Hi, I was just putting some thought into different languages (as I'm reviewing for final exams coming up) and I can not think of a valid pushdown automata to handle the language A = {0^n 1^n 0^n | n >= 0}. This is not a context-free language, am I correct?
+4
A:
I believe you are. It looks quite similar to the language L = { a^i b^i c^i | i > 0 } which the Wikipedia article on the pumping lemma uses as an example of how to prove that a language is not context-free.
SamB
2010-04-11 19:46:52
To the original poster, I would suggest attempting to follow through the same steps of the proof referred to above with the language you're interested in.
Dale Hagglund
2010-04-11 21:14:24
A:
Think of just the {0^n 1^n} part for a second. Replace 0 with ( and 1 with ) and you've got the language of simple nested parentheses, which is a dead give-away that a language is not regular.

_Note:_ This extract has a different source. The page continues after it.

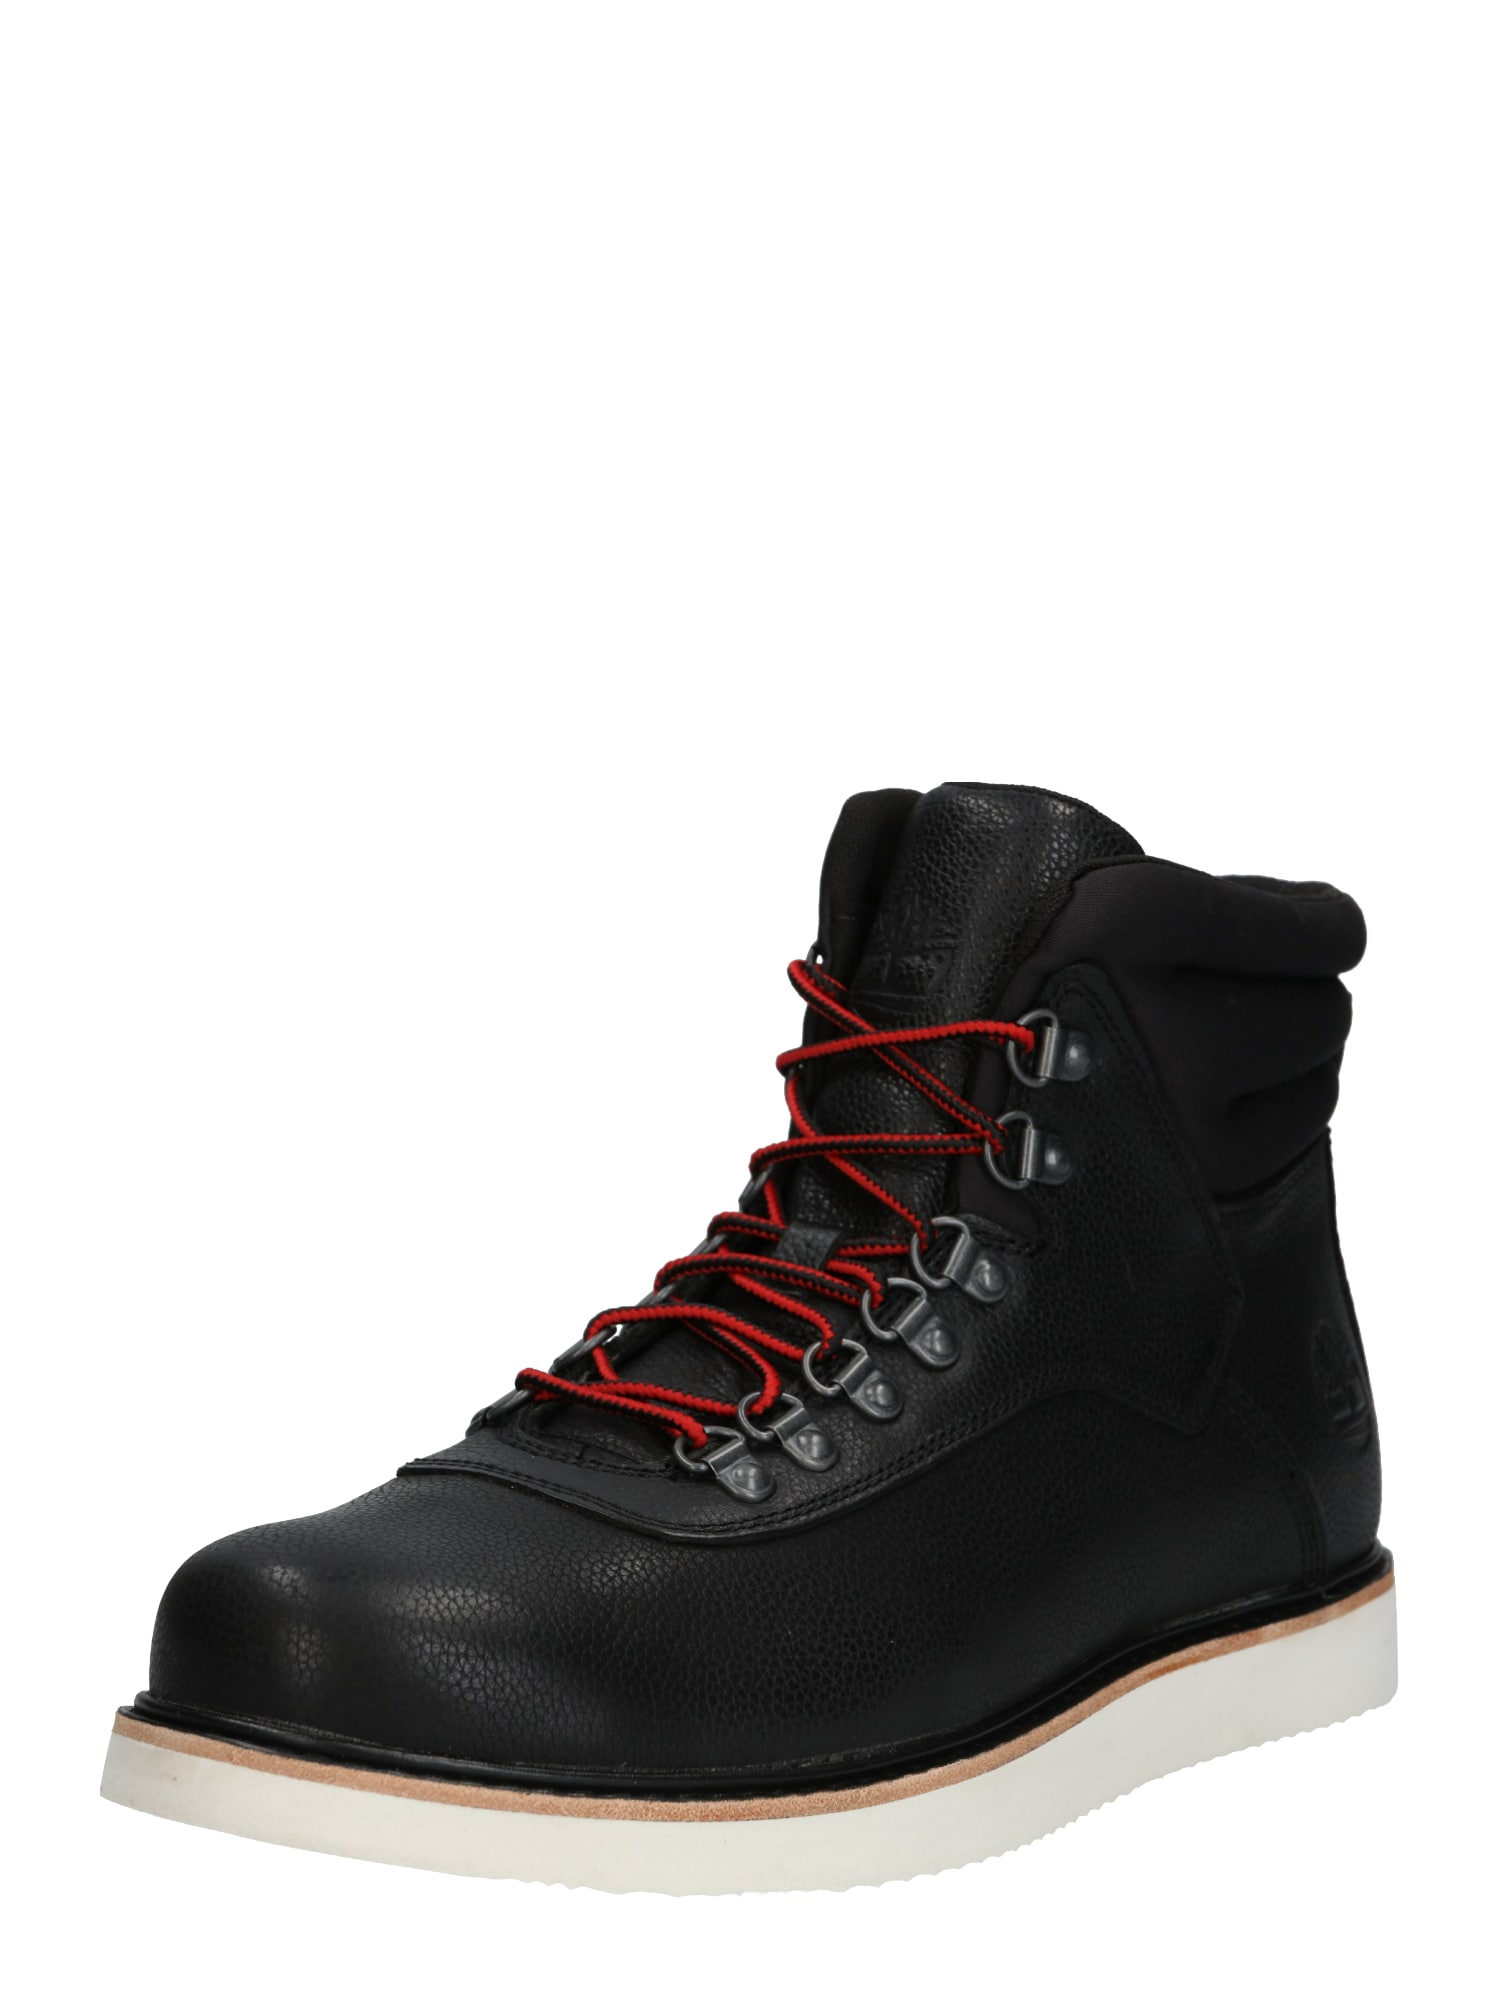 TIMBERLAND Šnurovacie čižmy 'Newmarket Archive Boot'  biela / čierna

Adding the final 0^n makes it context-sensitive (i.e. not context-free). Keep in mind that a CFG can be decided my a finite-state computer with a single stack as its only data structure. Seeing a 0 will cause a character to be pushed onto the stack, and seeing a 1 will pop from the stack. This guarantees that there are as many 0's as 1's, but there's no way to then match more 0's.
baddox
2010-04-14 03:19:10